2025-08-31 · Arsh Sharma
  1. Introduction
  2. Matrix Multiplication Profiling Results
    1. Experimental Setup
    2. Performance Comparison Table
    3. Key Observations
    4. Detailed Metrics
      1. Instructions and Cycles
    5. Cache Behavior
    6. Analysis
    7. What We Learned

Introduction

Performance profiling helps us understand how our code executes on real hardware and identify bottlenecks.
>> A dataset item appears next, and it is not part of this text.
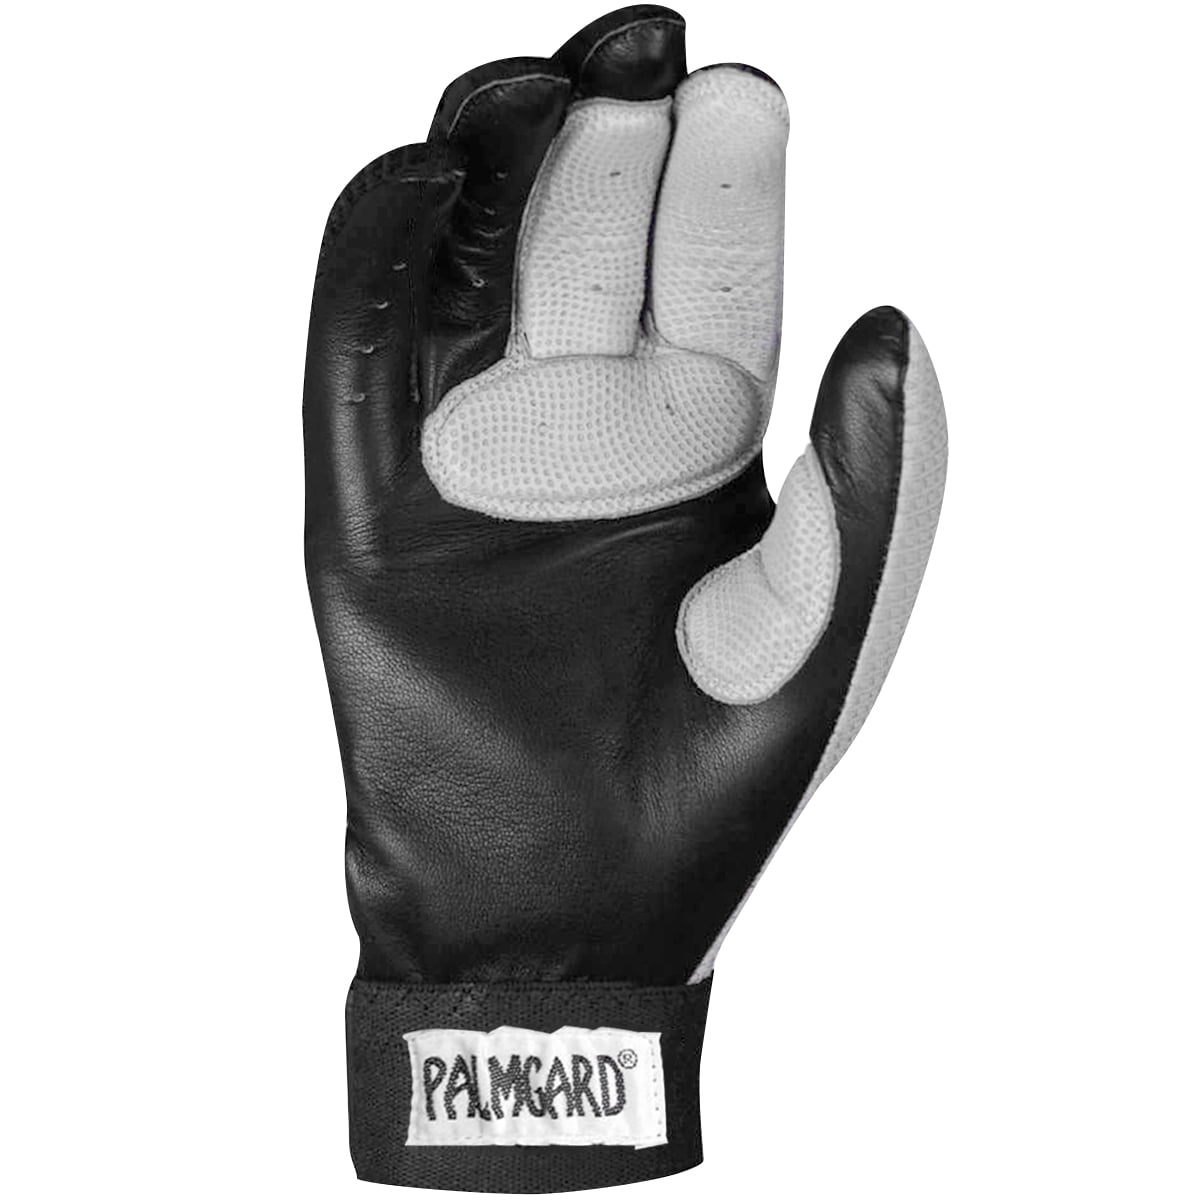 Palmgard Adult Left Hand Xtra Protective Inner Baseball and Softball Glove

Using tools like perf on Linux, we can collect hardware performance counters to gain deep insights into cache behavior, instruction execution, and branch prediction.

Matrix Multiplication Profiling Results

In the Matrix Multiplication blog, we implemented several cache-aware optimizations. Here we profile each approach using perf on Linux with a 4096×4096 matrix size to understand their performance characteristics.

Experimental Setup

System Specifications:

OS: Garuda Linux x86_64
Host: Victus by HP Laptop 16-e0xxx
Kernel: 6.7.9-zen1-1-zen

CPU: AMD Ryzen 5 5600H (6 cores, 12 threads) @ 4.28 GHz
  - L1 Cache: 384 KB
  - L2 Cache: 3 MB
GPU: AMD Radeon RX 5500M
GPU: AMD Radeon Vega Series / Radeon Vega Mobile Series
Memory: 16 GB DDR4

Compilation Command:

g++ -mavx -mfma -march=native -O0 -o simd_matmul \
    ../../../matmul_perf_profiling-master/specific_runner.cpp

Profiling Command:

sudo perf stat -e "L1-dcache-loads,L1-dcache-load-misses,\
L1-dcache-prefetches,L1-icache-loads,L1-icache-load-misses,\
dTLB-loads,dTLB-load-misses,iTLB-loads,iTLB-load-misses,\
branch-loads,branch-load-misses,branch-instructions,branch-misses,\
cache-misses,cache-references,cpu-cycles,instructions" -C 3 \
numactl -C 3 ./<bin_name>

Note: We used -O0 (no compiler optimizations) to isolate the impact of our manual cache-aware optimizations. The code was pinned to CPU core 3 using numactl to ensure consistent measurements.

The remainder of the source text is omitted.